- Active: 1916–1918
- Country: German Empire
- Branch: Luftstreitkräfte
- Type: Fighter squadron
- Engagements: World War I

= Jagdstaffel 20 =

Royal Prussian Jagdstaffel 20 was a fighter squadron of the Luftstreitkräfte, the air arm of the Imperial German Army during World War I.

==History==
Jasta 20 was founded in the 2 Armee sector on 25 October 1916. On 24 December 1916, it suffered its first casualty. In turn, on 11 March 1917, the unit scored its first victory, courtesy of Leutnant Alfred Niederhoff. The jasta would go on to run its score to 64 confirmed victories. It would also pay a heavy price: 19 pilots killed in action, four more dying in flying accidents, eleven wounded in action, and three injured in accidents.

==Commanding officers==
1. Oberleutnant Fritz Heising: 25 October 1916 – 19 October 1917
2. Leutnant Rudolf Wendelmuth: 19 October 1917 – 30 November 1917
3. Leutnant Joachim von Busse: 30 November 1917 – 1 August 1918WIA
4. Leutnant von Eckartsburg (Acting): 1 August 1918 - Unknown
5. Leutnant Waldemar von Dazur: Unknown
6. Leutnant Joachim von Busse: Unknown - ca 11 November 1918.
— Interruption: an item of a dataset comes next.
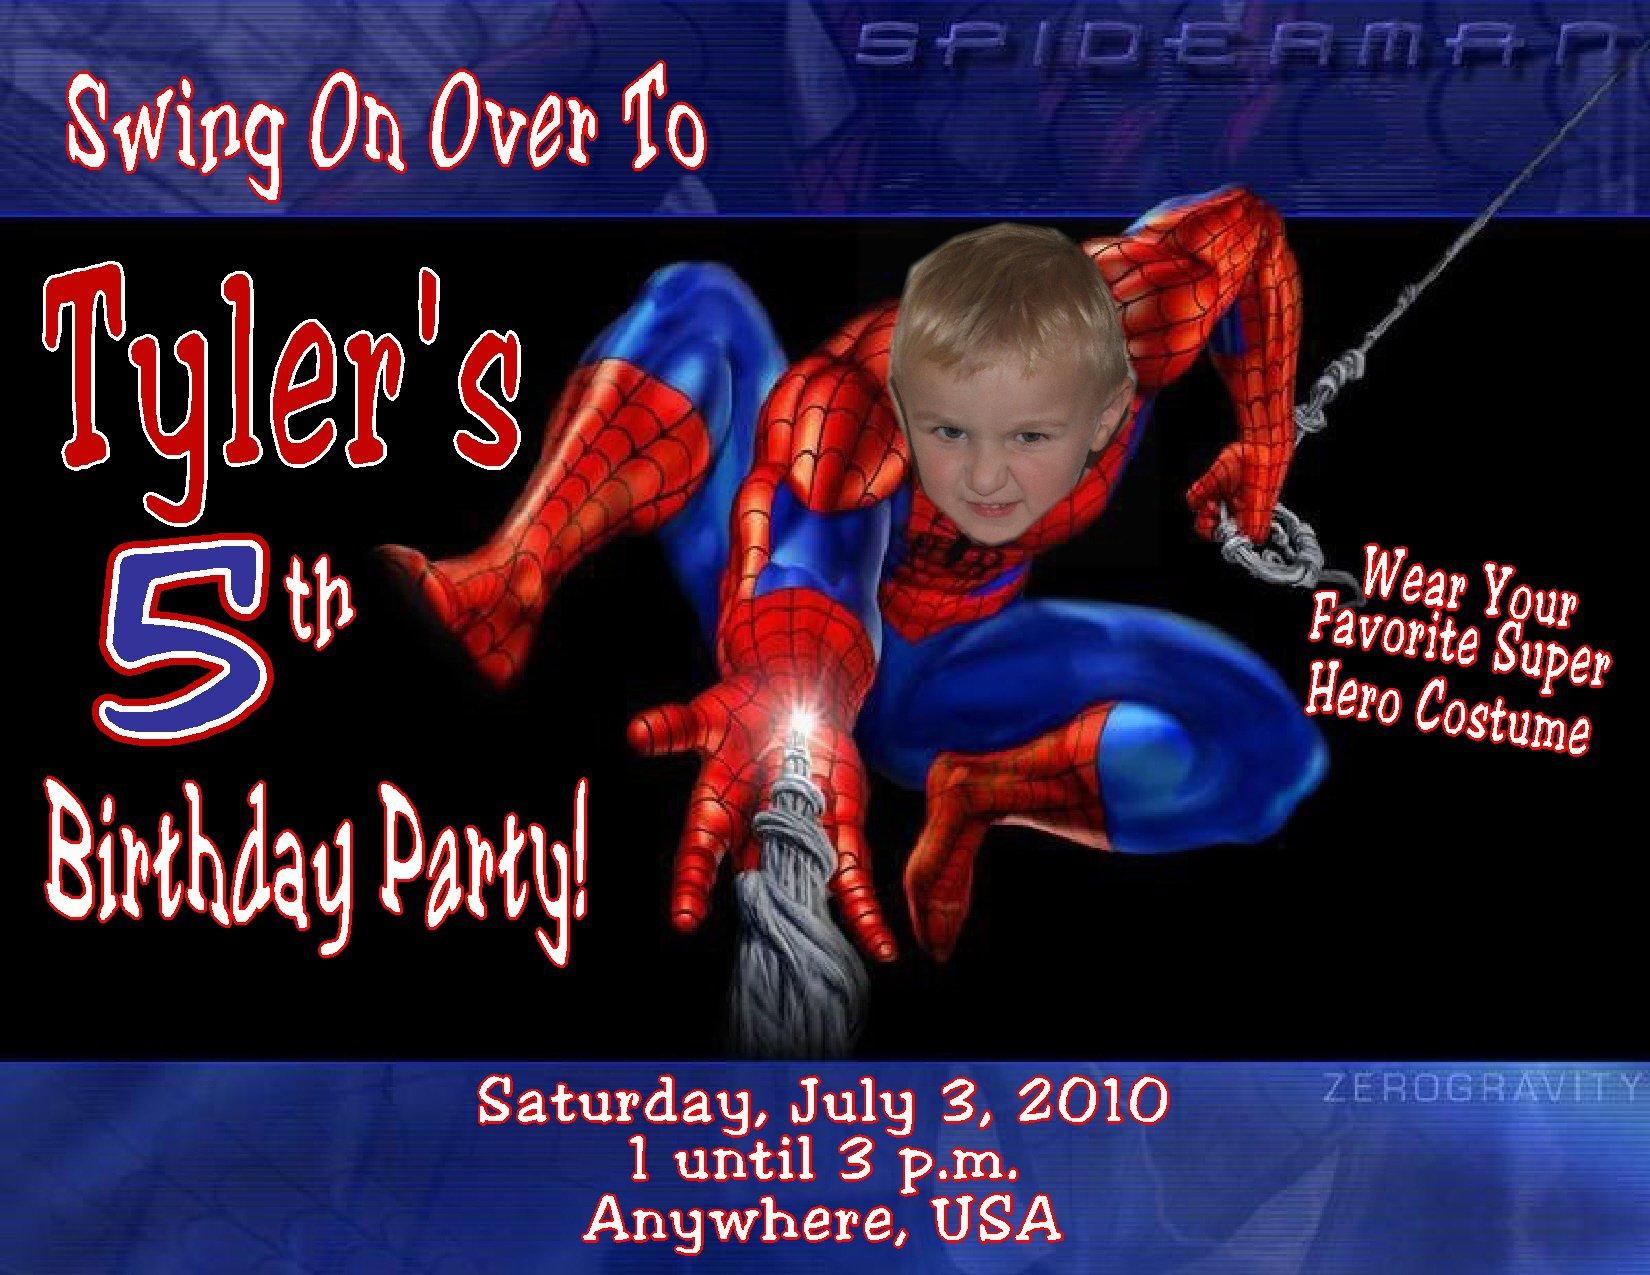 Spider-man Birthday Party Invitation Templates

==Duty stations (airfields)==
1. AFP 2
2. Essigny-le-Petit, France
3. Aisne, France
4. Artemps, France
5. Guise, France
6. Montkerke
7. Varsenare, Belgium
8. Guesnain, France
9. Rumbeke, Belgium
10. Menen, Belgium

==Notable personnel==
In its short existence, the Jasta had a couple of notable aces serve in it besides Wendelmuth, such as Karl Plauth and Friedrich Mallincrodt. Other aces also served with it, including Raven Freiherr von Barnekow, Johannes Gildemeister, Alfred Niederhoff, Otto Creutzmann, Wilhelm Schwartz, Hermann Stutz, Hans Viebig, and Georg Weiner.

==Aircraft and operations==
Aircraft operated are unknown at this time.

Although the Jasta was founded in 2 Armee territory, they were moved on 1 January 1917 to support of 6 Armee. On 27 May 1917, they switched to supporting 4 Armee. On 8 December, the squadron was reassigned to support 17 Armee. They remained in this duty until 8 April 1918, when they were transferred back to 4 Armee.